A new study published July 15, 2026 in PLOS One reports that a cluster of fossilized dinosaur bones from northeastern Wyoming bears bite-related damage consistent with predation. The work focuses on tooth marks—punctures and scored depressions—that preserve behavioral clues far beyond what bones alone typically reveal.
The researchers analyzed more than 3,000 fossils from the late Cretaceous (~72–66 million years ago), drawn primarily from a bonebed of Edmontosaurus annectens, a large herbivorous dinosaur. Because tooth-like impressions can also originate from non-feeding processes, the team emphasized careful identification rather than assuming every hole or groove reflects a bite.
Using an interpretive framework built from earlier research and augmented with new observations, the scientists categorized multiple tooth-trace types. They documented features such as punctures on opposing surfaces and deep, curved scores that indicate how teeth likely contacted and displaced bone material during feeding.

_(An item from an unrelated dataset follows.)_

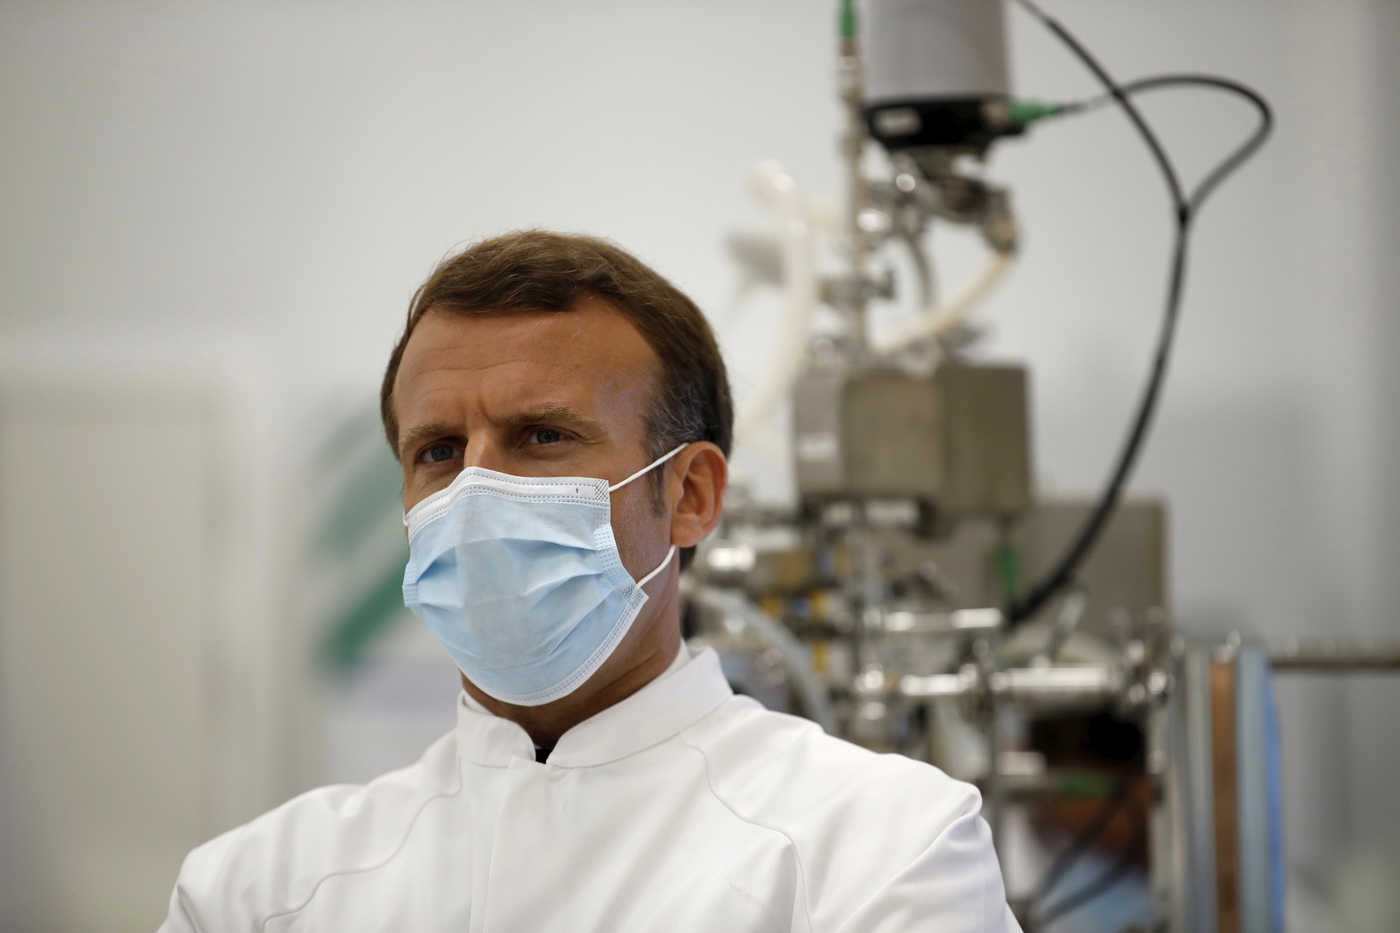 French President Emmanuel Macron, wearing a protective face mask, visits an industrial development laboratory at the French drugmaker's vaccine unit Sanofi Pasteur plant in Marcy-l'Etoile, near Lyon, central France, Tuesday, June 16, 2020. The visit comes after rival pharmaceutical company AstraZeneca this weekend announced a deal to supply 400 million vaccine doses to EU countries, including France. (Gonzalo Fuentes/Pool via AP)

Only 12 bones showed tooth traces, and within that subset the team found four specimens with distinctive patterns—shape, depth, and spacing—that collectively fit the dental signature expected for T. rex. The remaining tooth traces may reflect other predators present at the same time, potentially including additional theropod dinosaurs or crocodilians.
A key technical signal came from the absence of healing around most marks. In paleontological terms, this suggests the injuries were made around or after death, rather than during prolonged survival. Combined with earlier findings from the site, the results support a scenario in which carcasses were exposed, scavenged, and then eventually buried and fossilized.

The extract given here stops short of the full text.